REQUIRED WORK:
In the entries that follow, repeat exactly the lines from the one that has "RAF Pilots flying manual AP129" through the one that has "Edwin - Lichtblauwe Emanation T-shirt", but omit pictures.

DATA PROVIDED:
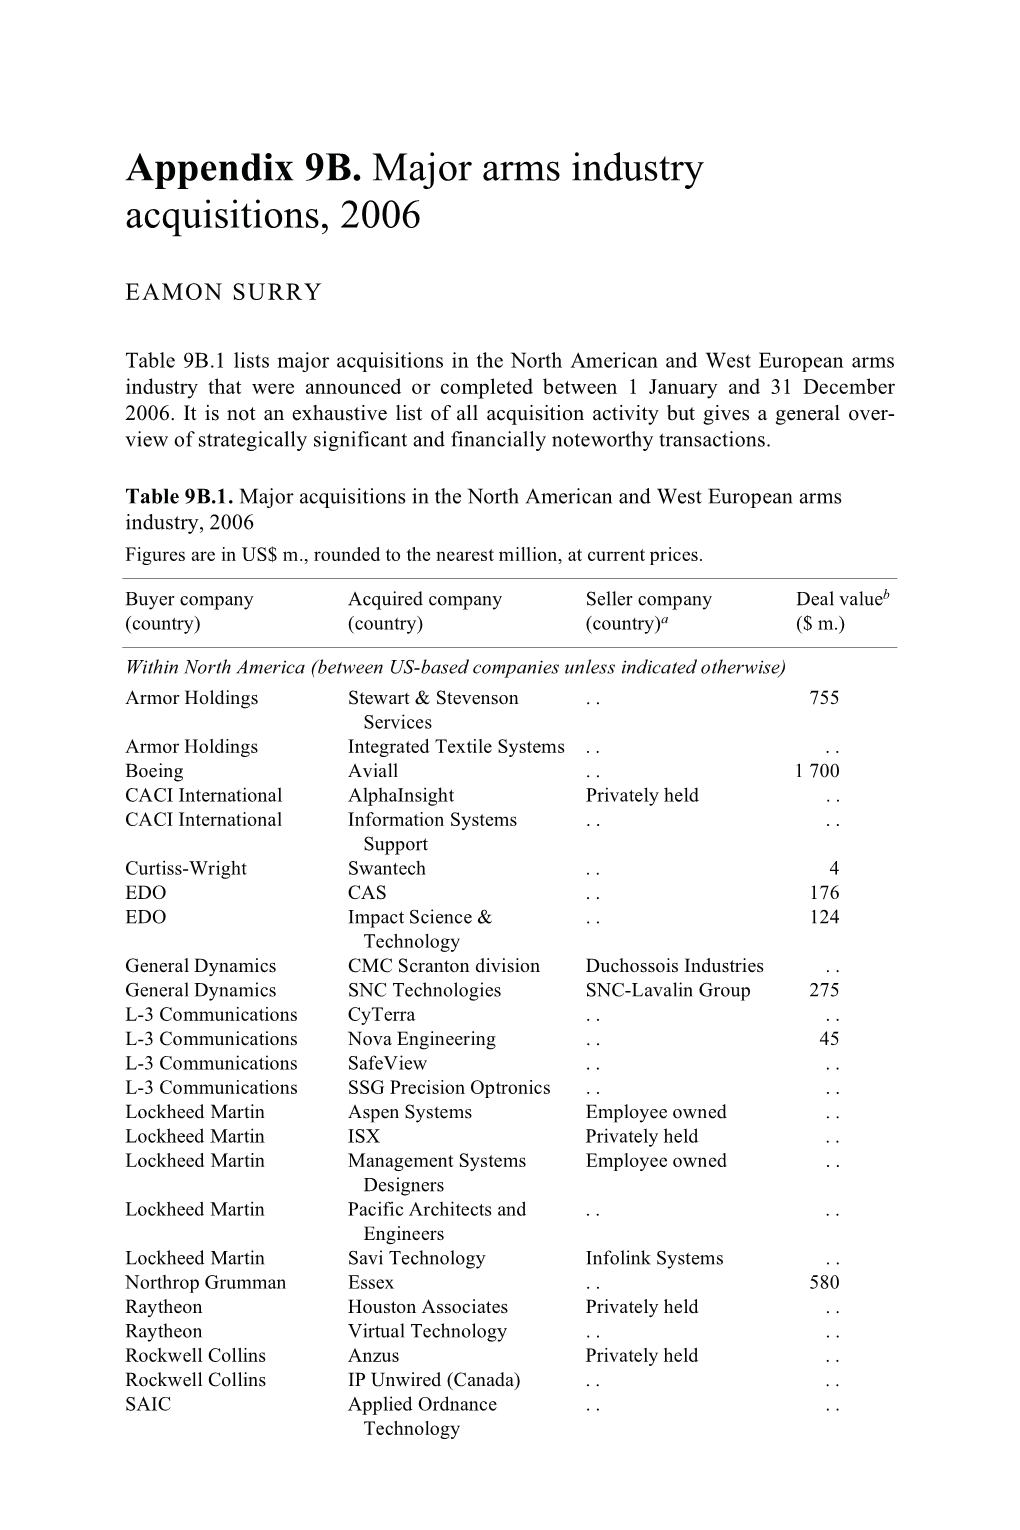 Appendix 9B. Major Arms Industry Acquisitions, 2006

--

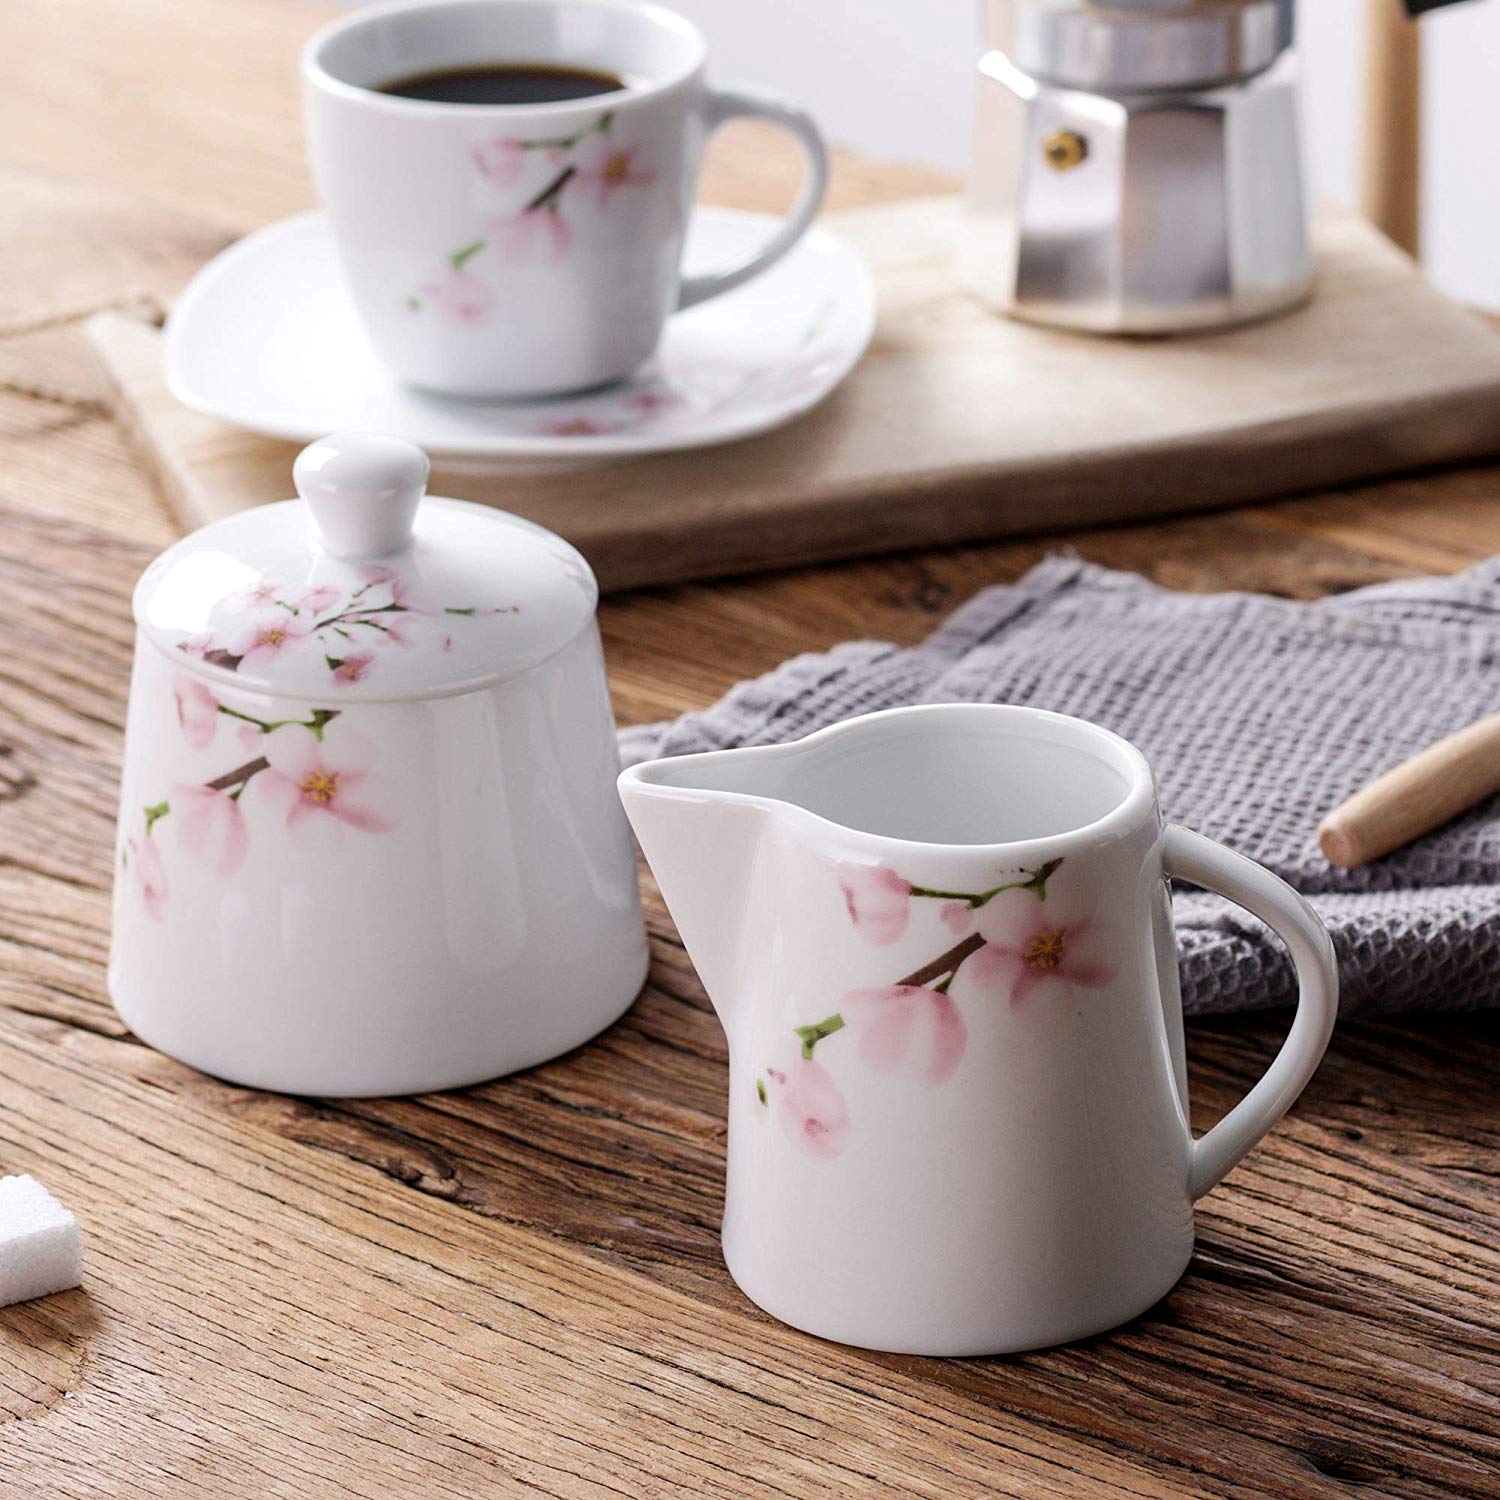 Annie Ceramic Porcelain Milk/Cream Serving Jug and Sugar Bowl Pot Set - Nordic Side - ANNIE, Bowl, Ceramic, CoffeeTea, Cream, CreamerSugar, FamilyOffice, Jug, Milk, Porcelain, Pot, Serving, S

==

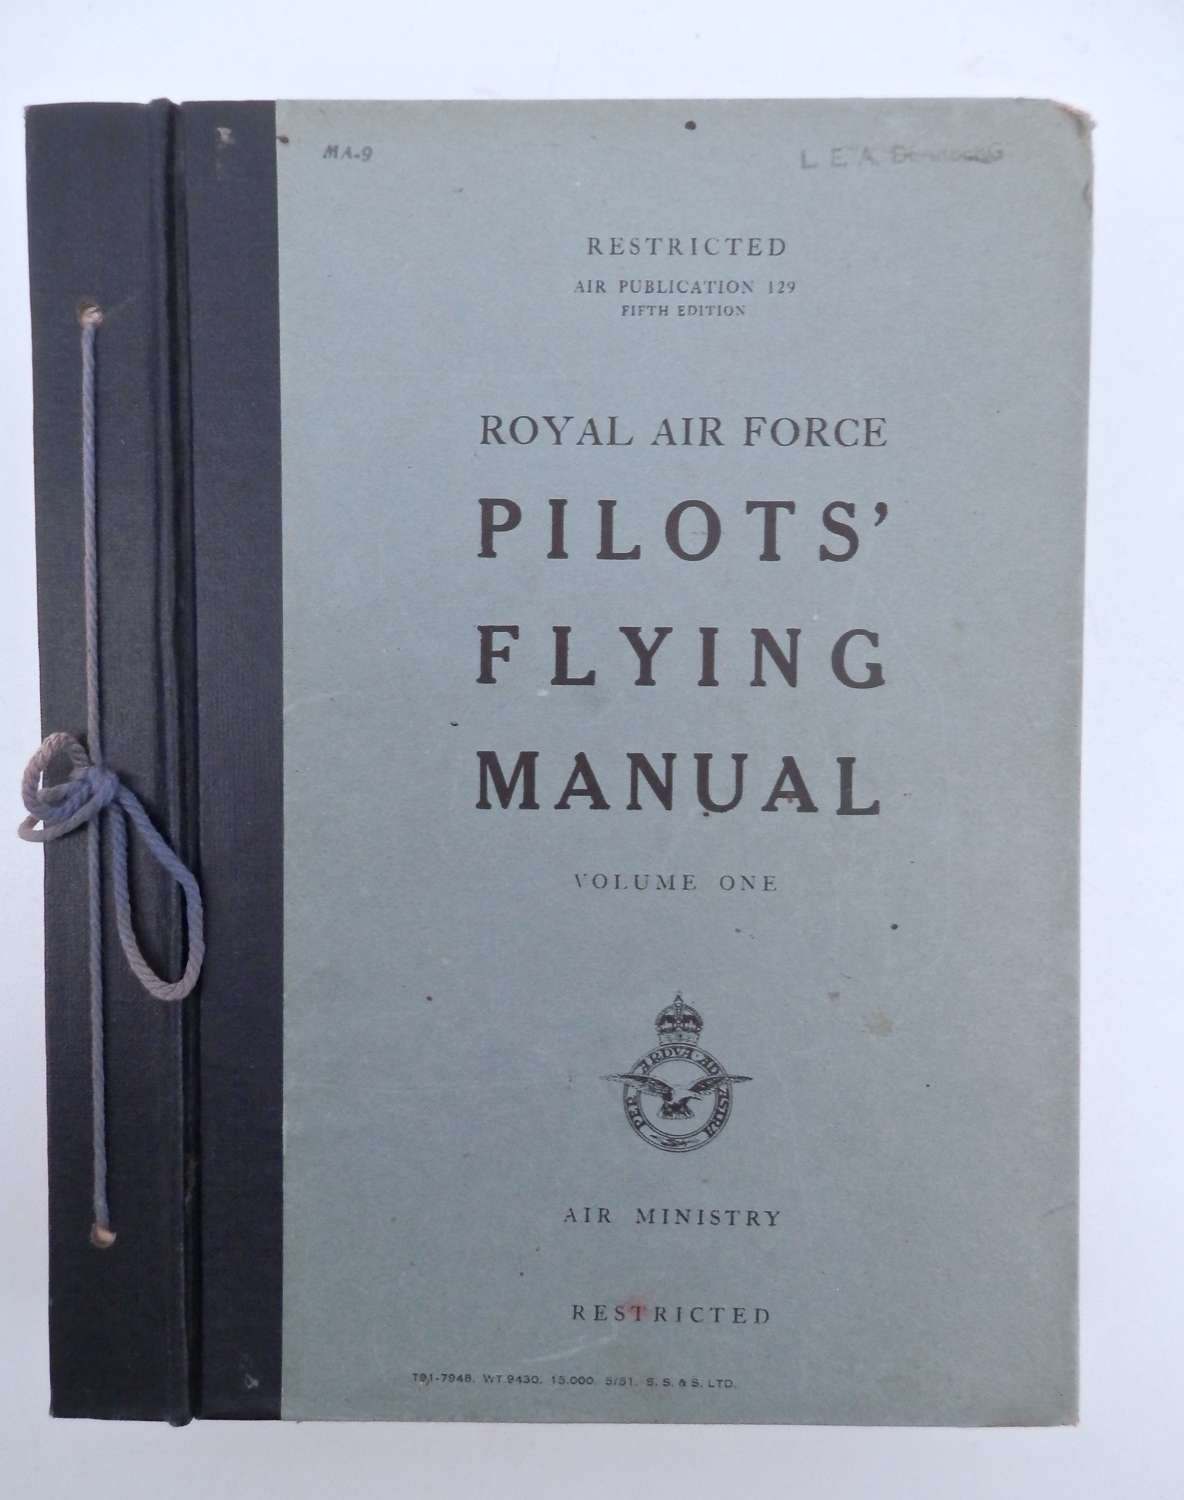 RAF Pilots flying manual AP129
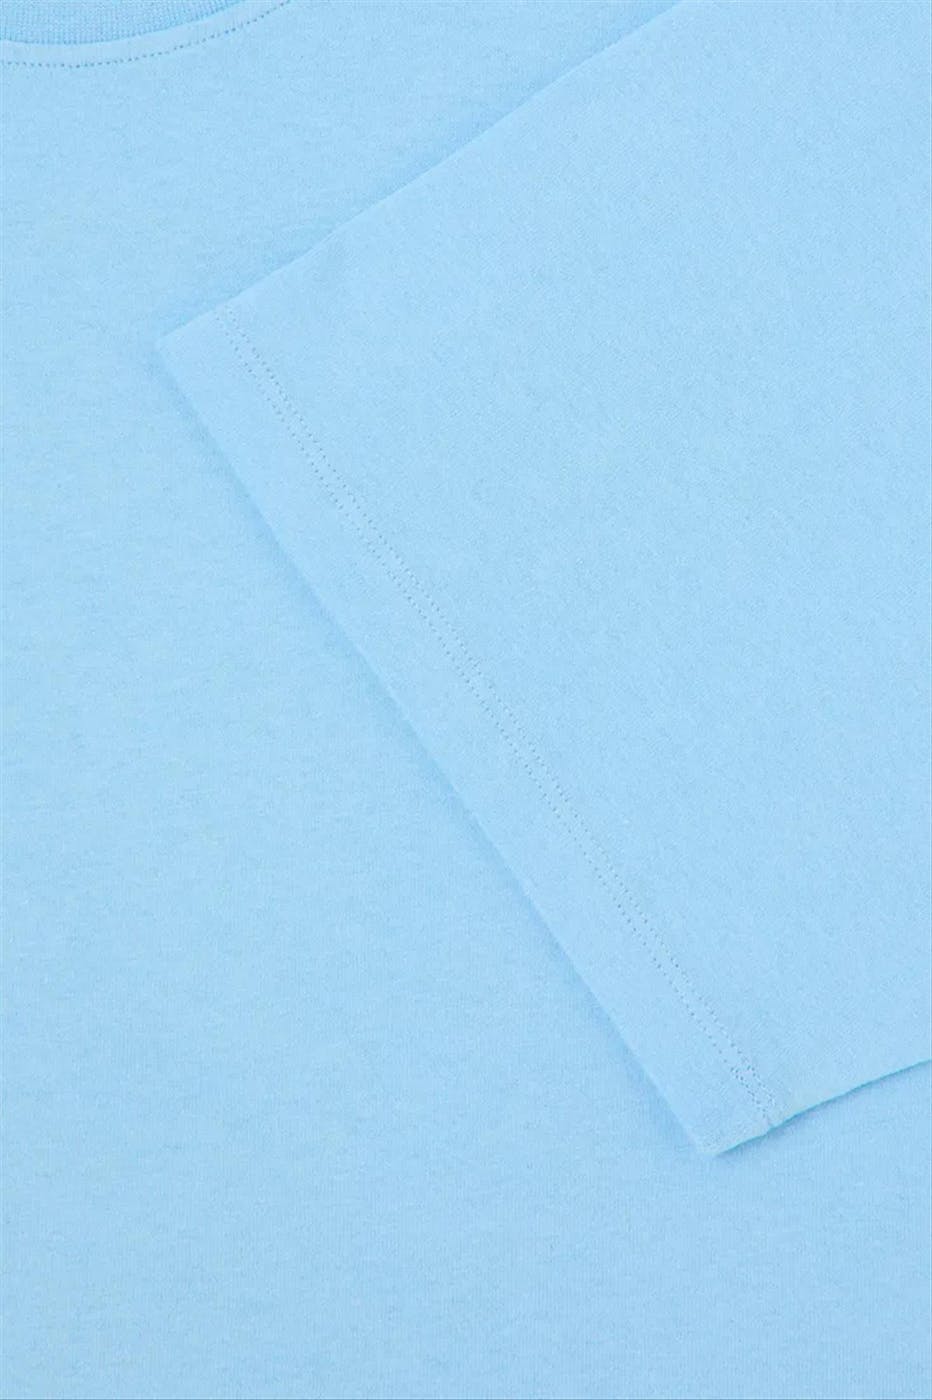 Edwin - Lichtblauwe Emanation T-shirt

SOLVED EXERCISE:
 RAF Pilots flying manual AP129
 Edwin - Lichtblauwe Emanation T-shirt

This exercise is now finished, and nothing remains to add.